With the emergence of antibiotic resistance there has been a recent resurgence into the GV therapy for anti-sepsis, as well as for a variety of other uses. Recent studies of its mechanisms of activity have expanded its potential uses in dermatology. GV is readily available, inexpensive ($0.16 USD/mL for a 2% solution)18, easy to use and has minimal side effects. The purpose of this article is to review uses of GV in dermatology as well as to discuss potential applications and areas of future research.

Definition of Gentian Violet

Today, GV USP is defined as hexamethylrosaniline, a completely symmetric molecule in which every amino group contains 2 methyl groups.19 Given that GV is a trimer of dimethylaniline, which is resonance stabilized to yield a highly colored compound, there are six methyl groups. However, in the past, there was considerable variability of the composition of GV, with compounds containing less than the maximum 6 methyl groups possible. Early preparations of GV were called methyl violet, and had mixtures of hexamethylrosaniline (GV, Methyl violet 10B, crystal violet) and pentamethylrosaniline (Methyl violet 2B).

Antibacterial activity

GV was revisited as an anti-microbial for dermatological disease by Bakker et al in 1992.20 The authors were investigating writing a formulary for dermatological preparations to be used in developing countries. Thus they required a drug that was inexpensive, simple to prepare, chemically stable, active in low concentrations, with a broad spectrum and minimal resistance as well as minimal toxicity. The authors applied gentian violet and a related triphenylmethane dye, brilliant green, to 5 bacterial species (Streptococcus A & B, Proteus, Pseudomonas aeruginosa and Staphylococcus aureus) as well as Candida albicans in vitro. The study showed that GV was very effective, with a low critical concentration, against Candida and Streptococcus and Staphylococcus species, and moderately effective against the Gram negative bacteria. GV was found to be more potent and effective against a greater number of bacteria than its related compound, brilliant green. The investigators also found that increasing the pH lead to greater activity of GV against S. aureus.

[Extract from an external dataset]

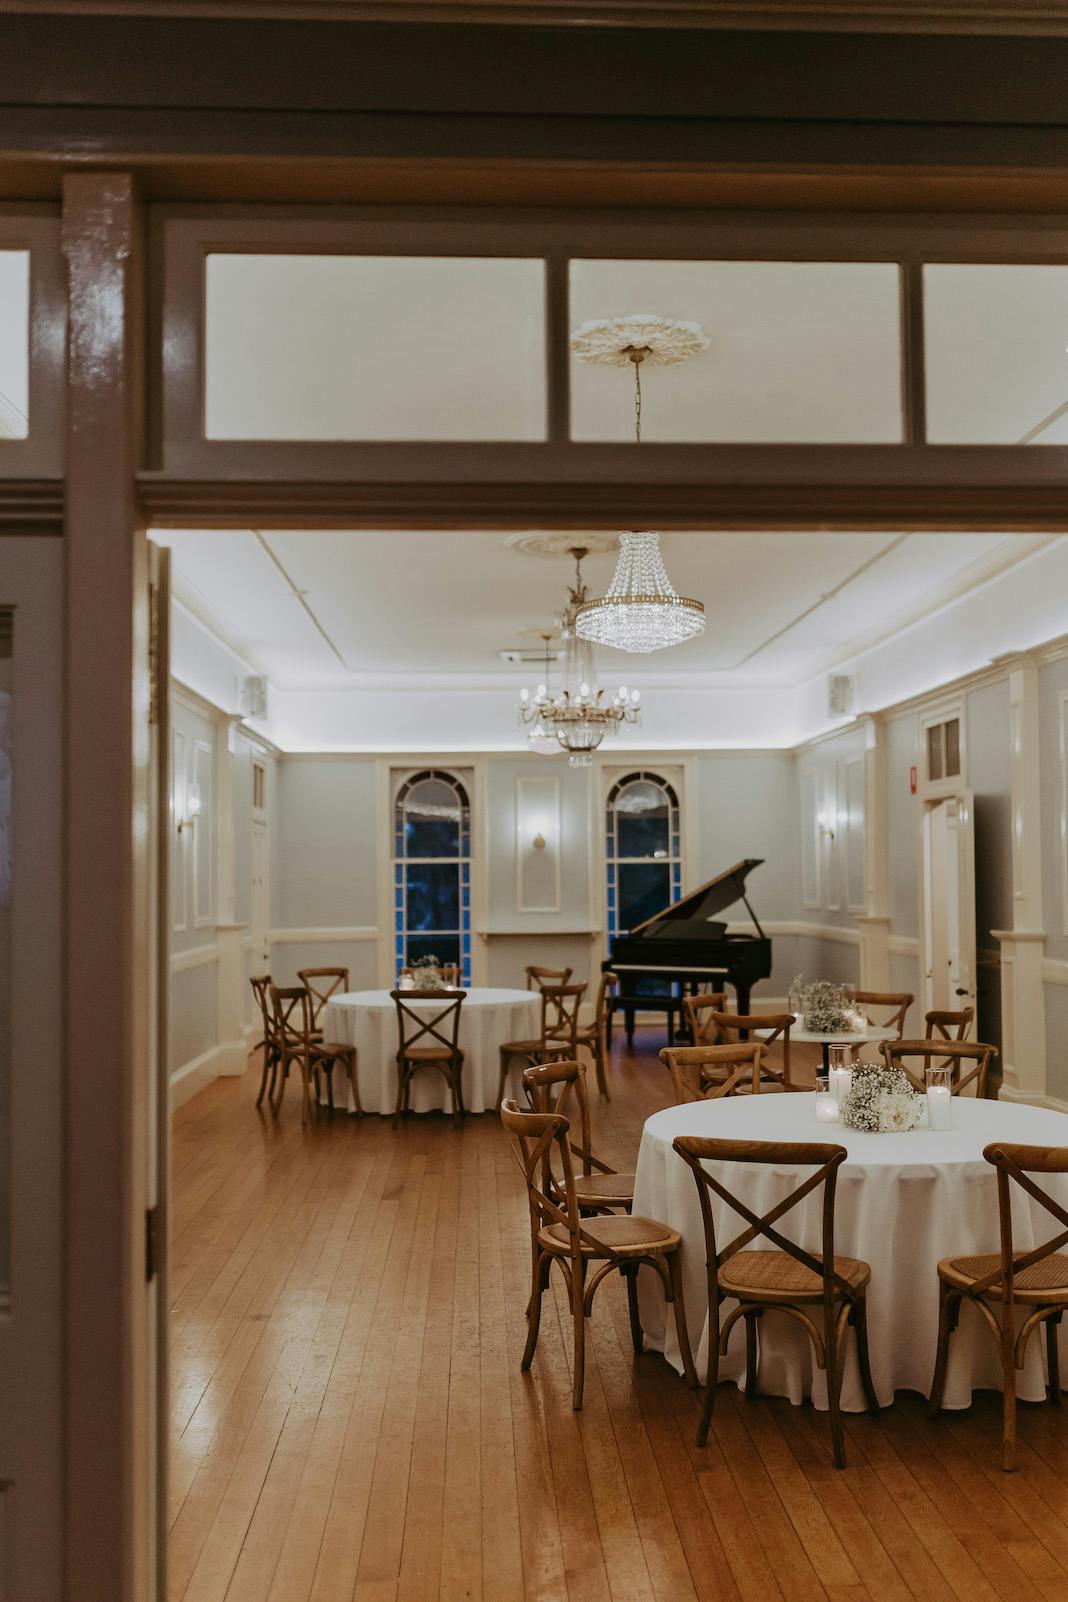 A spacious, elegantly decorated room with wooden floors features several round tables covered with white tablecloths and surrounded by wooden chairs. A black grand piano sits at the back of the room near large arched windows, and crystal chandeliers hang from the ceiling.

The exact mechanism of action of GV is unknown.21 Multiple hypothesis exist for an explanation of its anti-microbial effects4,22: an alteration in redox potential by the dye23, inhibition of reduced nicotinamide adenine dinucleotides phosphate (NADPH) oxidases24, free radical formation25,26, formation of an un-ionized complex of bacteria with the dye27, inhibition of protein synthesis28,29, inhibition of glutamine synthesis29, uncoupling of oxidative phosphorylation31 or inhibition of formation of the bacterial cell wall32. Recently, our group discovered that the closely related dye brilliant green formed covalent adducts with thioredoxin reductase 2, a protein conserved from bacteria to humans, with an essential function for cellular activity (Figure 1).33 Notably, gentian violet is highly effective against Gram positive bacteria, which also form adducts with gentian violet, due to its ability to penetrate the bacterial cell wall and covalently bond to proteins. GV is far less effective against Gram negative bacteria and Mycobacterium, presumably due to its inability to penetrate the lipids surrounding the cell wall. This is the basis of the Gram stain, which is still in clinical use for over a century.

Figure 1

Figure 1

Dual mechanisms of action of Gentian violet

Clinical studies of the efficacy of GV in skin infections are mostly limited to case reports and case series with a small number of patients. Brockrow et al. investigated the use of GV in impetiginized eczema both in vitro and in vivo.34 The researchers divided 38 consecutive patients with acute eczema colonized with S. aureus into three treatment groups: 0.3% GV, topical diflucortolone, and a 10% tar solution. Of the three treatments, GV was the only treatment to show anti-staphylococcus activity in vitro. Additionally, GV was found to significantly reduce S. aureus density in lesional and unaffected skin and also significantly reduced the clinical severity of eczema after 4 days. No adverse events were reported by the authors. In a 2010 study, the senior author (JA) also reported a case of severe eczema superinfected with group A Streptococcus, unresponsive to conventional therapy, successfully treated with oral doxycycline and daily applications of a 1% solution of GV.35 The results of these studies are concordant with the recent evidence that treatment of impetiginized eczema reduces eczema severity.36

GV has also been used for many years in preventing bacterial colonization of the umbilical stump following childbirth.37,38

Treatment of Methicillin Resistant Staphylococcus aureus

Multiple studies have proven GVs efficacy against methicillin resistant Staphylococcus aureus (MRSA).39 Taguchi et al. first documented GVs effectiveness against MRSA in vivo.40 Similar to the observations by Bakker et al. with methicillin sensitive staphylococcus aureas20, GV was found to have a very low minimum inhibitory concentration against MRSA. Clinically, multiple studies have shown GVs use against MRSA in the setting of ulcers. A randomized controlled trial performed by Toba et al. showed that GV, when compared to standard treatment of MRSA infected ulcers with iodine, was more effective in killing MRSA.41 After 14 weeks of treatment with GV, the pressure ulcers decreased to 45% of the area at the start of treatment and no adverse events occurred during the study period. Saji et al. showed that by using an ointment containing 0.1% gentian violet to 12 cases of patients with MRSA infected decubitis ulcers, MRSA was eliminated completely from the infected areas of the skin within 4 weeks.42 A subsequent report by the same group showed that among 18 patients with MRSA infected ulcers, the average time to eradication of MRSA was 10.8 days (+/− 2.7).43 In both studies, there were not any appreciable side effects among the patients treated with GV. Recently, among 28 cases of MRSA pyodermas treated with GV, Okano et al. found that the mean time for eradication was 9.1 +/− 6.0 days.44 Concurrent with findings from previously mentioned studies, GV had a low minimum inhibitory concentration for MRSA and no appreciable side effects were reported.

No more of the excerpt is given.